Towards Generalist Foundation Model for Radiology by Leveraging Web-scale 2D&3D Medical Data
|
1CMIC, Shanghai Jiao Tong University
|
2Shanghai AI Laboratory
|
Abstract
In this study, we aim to initiate the development of Radiology Foundation Model, termed as RadFM.
We consider the construction of foundational models from the perspectives of data, model design, and evaluation thoroughly.
Our contribution can be concluded as follows:
(i), we construct a large-scale Medical Multi-modal Dataset, MedMD, consisting of 16M 2D and 3D medical scans.
To the best of our knowledge, this is the first multi-modal dataset containing 3D medical scans.
(ii), We propose an architecture that enables visually conditioned generative pre-training,
allowing for the integration of text input interleaved with 2D or 3D medical scans to generate response for diverse radiologic tasks.
(iii), we propose a new evaluation benchmark that comprises five tasks, aiming to comprehensively assess the capability of foundation models in handling practical clinical problems. Our experimental results confirm that RadFM significantly outperforms existing multi-modal foundation models. The codes, data, and model checkpoint will all be made publicly available to promote further research and development in the field.
Result Overview
The general comparison between RadFM and different SOTA methods, i.e., OpenFlamingo and MedVInT
On the left we plot the radar figure of the three methods, the average of different metrics are plotted and the coordinate axes are
logarithmized. On the right, we draw the comparison on the five different tasks with different metrics. Both two can indicate
the superiority of RadFM, surpassing former methods significantly.
Datasets
Bird-view of MedMD
Overview of Medical Multimodal Dataset (MedMD). Our collected data covers the majority of radiologic modalities
and anatomical regions of the human body, such as brain, head and neck, thorax, spine, abdomen, upper limb, lower limb, and
pelvis, etc. The dataset mixes two types of datasets, i.e., interleaved datasets and visual instruction datasets, including both 3D and 2D scans. T refers to the
text of interleaved data, I refers to the instruction input text, and R refers to the response text.

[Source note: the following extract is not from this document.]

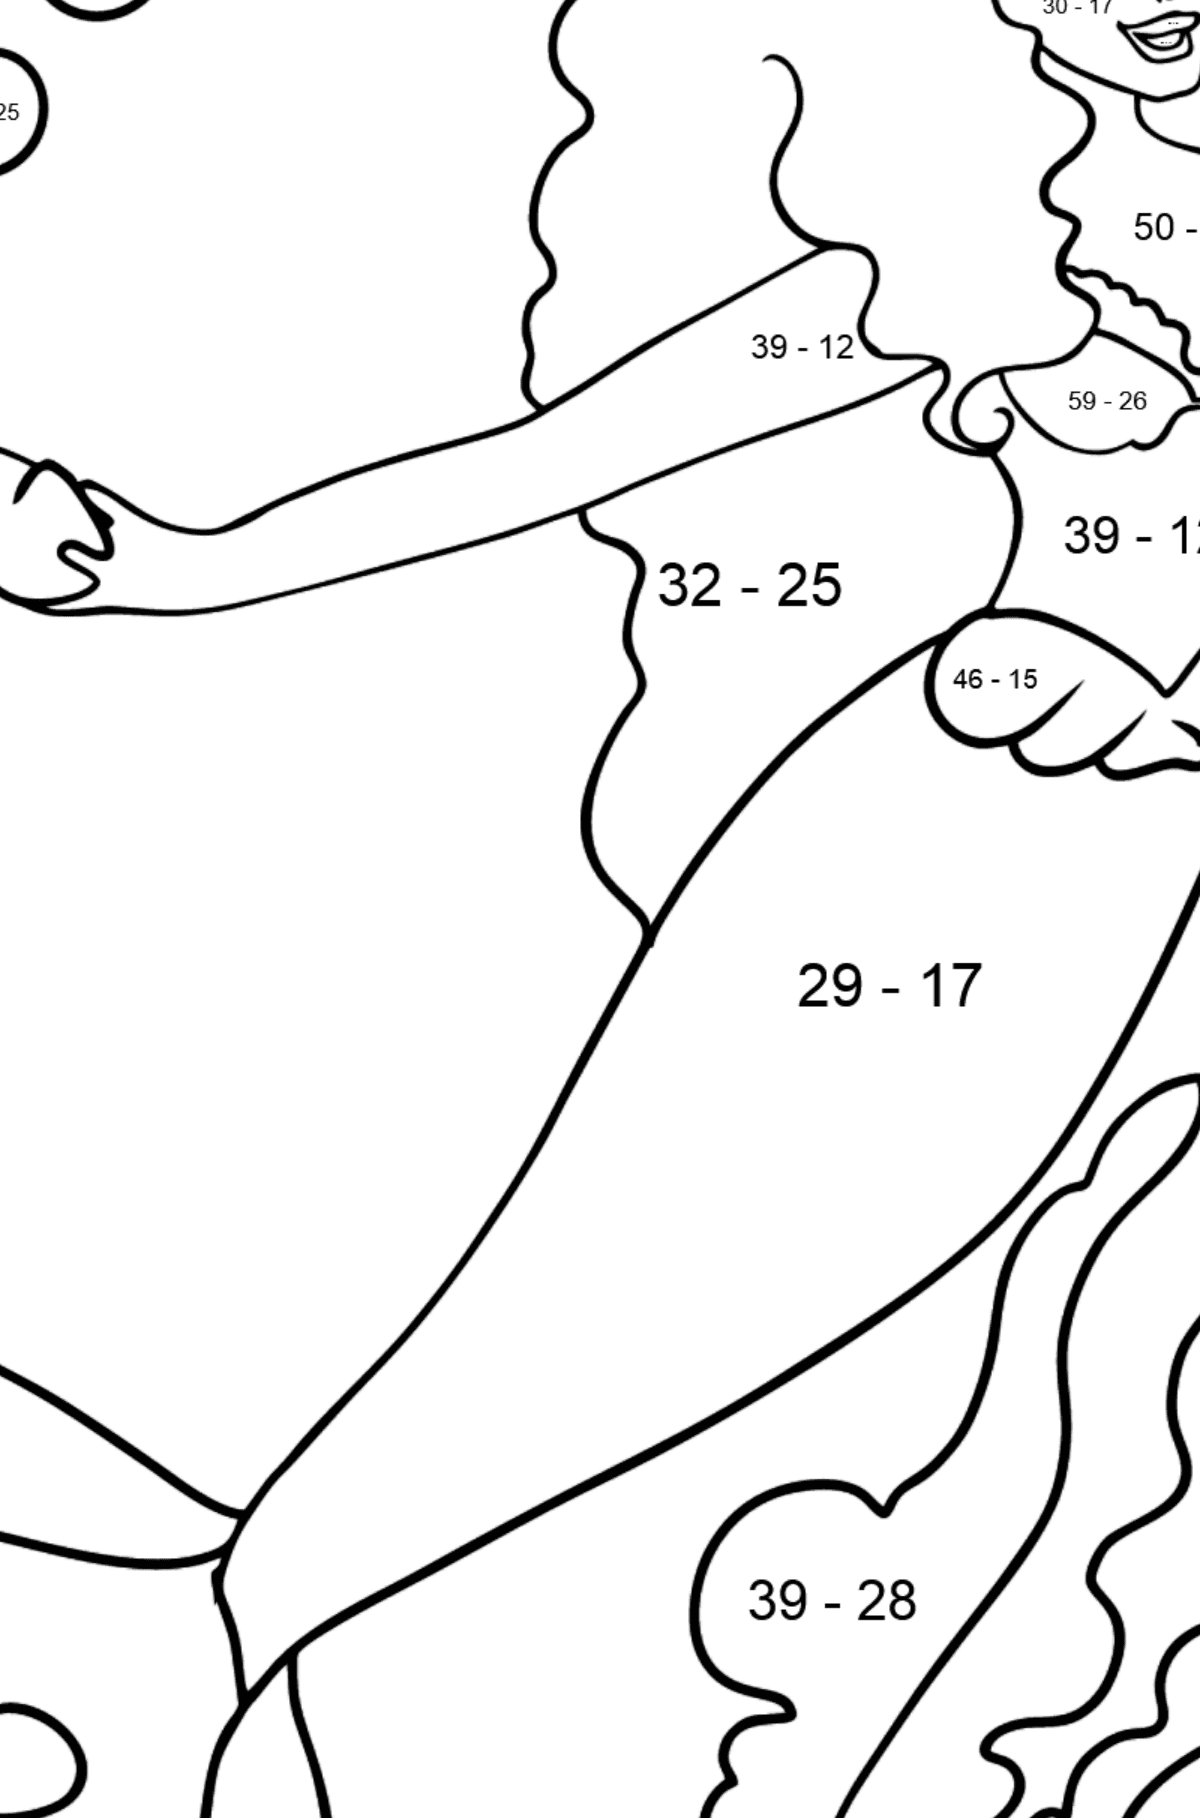 Coloring Page Mermaid and two crabs - Math Coloring - Subtraction for Kids

The individual componet of MedMD.
Differring from previous multimodal datasets, our dataset is visual-language interleaved and contains 3D data.
To the best of our knowledge, this is probably the largest open-source medical multi-modal dataset available.
In table, more detailed case numbers are shown.
The radiologic filtered version, RadMD
For domain-specific finetuning, we filter out the non-radiology images from MedMD, and construct a clean
subset, named Radiology Multimodal Dataset (RadMD), dedicating to supervised visual instruction-tuning.
It contains a total of 3M images, spanning various data formats, modalitieis, and tasks, as shown in the figure. More comprehensive details regarding the filtering process and the
resulting dataset sizes can be found in following table.
Towards Building Generalist Foundation Model for Radiology
we propose a learning paradigm for unifying different medical tasks into a
generative framework, and, then, we first pre-train the model on MedMD, following fine-tuned on RadMD for domain-specific adaptation.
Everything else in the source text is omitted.